Invece di modellare le orbite dei singoli pianeti, Batygin ha usato una serie di anelli sempre più sottili per rappresentare diversi pezzi del disco astrofisico, come strati di una cipolla, ciascuno legato alla massa dei corpi orbitanti all'interno di quella regione. l'uno con l'altro potrebbe modellare come il disco si deformerebbe e cambierebbe.

E quando il sistema è diventato troppo complicato per calcolare a mano o sul computer quando ha aggiunto più anelli, ha usato una scorciatoia matematica per convertire per descrivere un numero infinito di anelli infinitamente sottili.

"Questo è solo un risultato matematico ampiamente noto che viene utilizzato nella fisica sinistra e destra", ha detto Batygin. Tuttavia, in qualche modo, nessuno aveva fatto il salto per modellare un disco astrofisico in quel modo.

"Ciò che è veramente straordinario per me è che nessuno ha mai sfocato [gli anelli] in un continuum mai prima d'ora", ha detto. "Sembra così ovvio in retrospettiva e non so perché non ci abbia pensato prima."

Quando Batygin eseguì questi calcoli, trovò l'equazione emergente sorprendentemente familiare.

"Certo, i due sono correlati, giusto? Nella meccanica quantistica, trattate le particelle come onde", ha detto. "In retrospettiva, è quasi intuitivo che dovresti ottenere qualcosa di simile all'equazione di Schrodinger, ma al momento, sono rimasto davvero sorpreso." L'equazione è spuntata inaspettatamente in precedenza, ha aggiunto - nelle descrizioni delle onde dell'oceano, per esempio, così come il modo in cui la luce si muove attraverso determinati media non lineari.

"Ciò che la mia ricerca dimostra è che il comportamento a lungo termine dei dischi astrofisici, il modo in cui si piegano e si deformano, si unisce a questo gruppo di contesti classici che possono essere compresi in una struttura essenzialmente quantistica", ha affermato Batygin.

I nuovi risultati sollevano un'interessante analogia tra le due situazioni: il modo in cui le onde viaggiano attraverso i dischi astrofisici, rimbalzando sui bordi interno ed esterno, equivale a come una singola particella quantistica rimbalza avanti e indietro tra due pareti, ha detto.

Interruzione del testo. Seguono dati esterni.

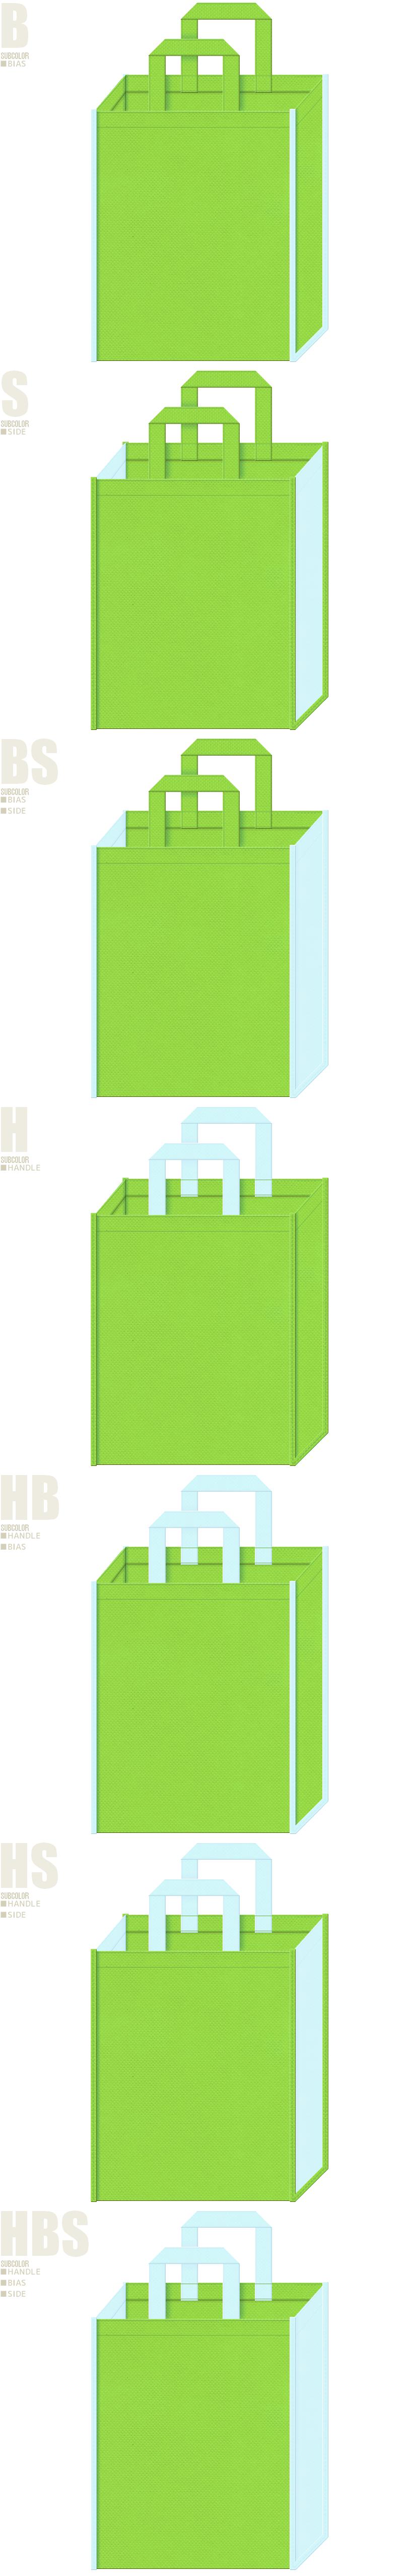 ロールプレイングゲーム・水と環境・水資源・環境イベント・潤い・ナチュラル・水草・ビオトープ・水田・稲・水耕栽培・野菜工場・芝生・スプリンクラー・散水用具・噴水・エクステリアの展示会用バッグにお奨め不織布バッグデザイン:黄緑色と水色の配色7パターン

Trovare questa equivalenza ha una conseguenza interessante: Batygin è stato in grado di prendere in prestito parte del lavoro svolto da ricercatori che hanno già studiato e lavorato ampiamente su questa situazione quantistica, e quindi interpretare l'equazione in questo nuovo contesto per capire come i dischi rispondono ai pull esterni e perturbazioni.

"I fisici hanno molta esperienza con l'equazione di Schrodinger; sta arrivando a 100 anni ormai", ha detto a Space.com Greg Laughlin, un astrofisico dell'Università di Yale che non era coinvolto nello studio. "E un sacco di pensiero molto profondo è andato nella comprensione delle sue ramificazioni. E così l'intero edificio ora può essere applicato all'evoluzione dei dischi."

"E per qualcuno come me - che ha certamente un senso migliore, anche se imperfetto, di ciò che fanno i dischi protostellari - questo offre anche l'opportunità di andare dall'altra parte e forse ottenere una visione più approfondita dei sistemi quantistici usando l'analogia del disco", ha aggiunto. "Penso che susciterà molta attenzione e interesse, probabilmente costernazione. E alla fine penso che sarà uno sviluppo davvero interessante."

Un quadro di comprensione

Batygin non vede l'ora di applicare l'equazione per comprendere molte diverse sfaccettature dei dischi astrofisici.

"Quello che ho presentato in questo documento è un quadro", ha detto Batygin. "Ho attaccato un particolare problema con esso, che è il problema della rigidità del disco: la misura in cui il disco può rimanere gravitazionalmente rigido in presenza di perturbazioni esterne. Al momento esiste un'ampia gamma di applicazioni aggiuntive che sto esaminando."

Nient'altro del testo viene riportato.